Guilherme Gontijo FloresColetivo Praxis, Brazil. 2018.

By Guilherme Gontijo Flores

Bordas, margens, fronteiras, essas são marcas e metáforas para qualquer grupo que se reúne e busca de definir, marcar fins em si, porque para isso ele precisa de diferenciar, ou mais precisamente, se antepor e distanciar de outro grupo, dos outros grupos que ele, por definição em negatividade, não é. As democracias, na medida mesmo em que se vinculam a estados, guardam sempre o problema de seus limites: até onde vai, ou pode ir sua abertura, quem pode passar a ser um cidadão, quais as regras de convívio e de hospitalidade com o estrangeiro que pede abrigo. Daí o lugar central dos refugiados que se deslocam para vários países da Europa, mas também para o Brasil, vindos de países vizinhos, como Venezuela, ou Bolívia, mas também de percursos mais longos, como Haiti, para ficarmos em poucos exemplos.

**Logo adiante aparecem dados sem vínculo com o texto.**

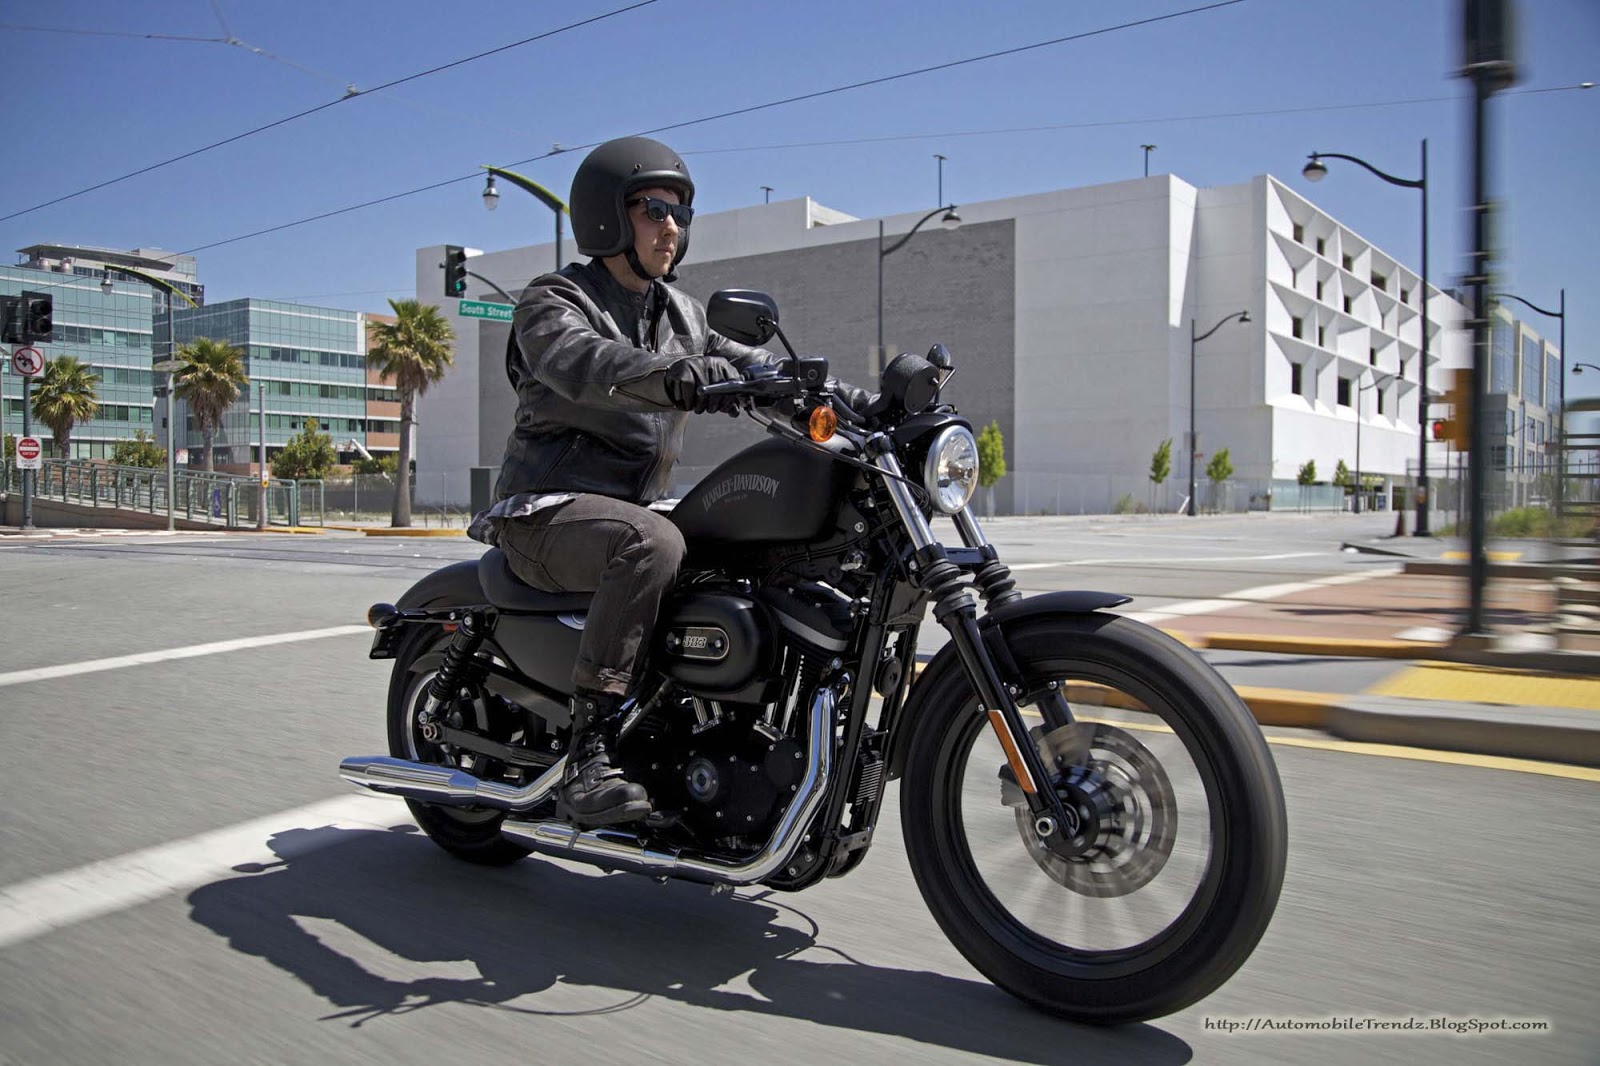 Automobile Trendz Harley Davidson 2013 Iron 883 4

O filme Border (2004), da inglesa Laura Waddington, é o retrato da truculência no acolhimento, é a marca de que, mesmo em democracias supostamente fortes como a britânica, o modelo democrático tende a priorizar sua noção de estado-nação acima dos vínculos inacabados e intermináveis de uma partilha da Terra em que estamos. Da Terra que nos cabe. Por isso achei importante trazer aqui o filme e também o breve comentário do filósofo e crítico de arte francês Georges Didi-Huberman, num trecho que encerra seu belo livro A sobrevivência dos vagalumes (originalmente escrito em 2008), e que aqui vem logo depois do vídeo.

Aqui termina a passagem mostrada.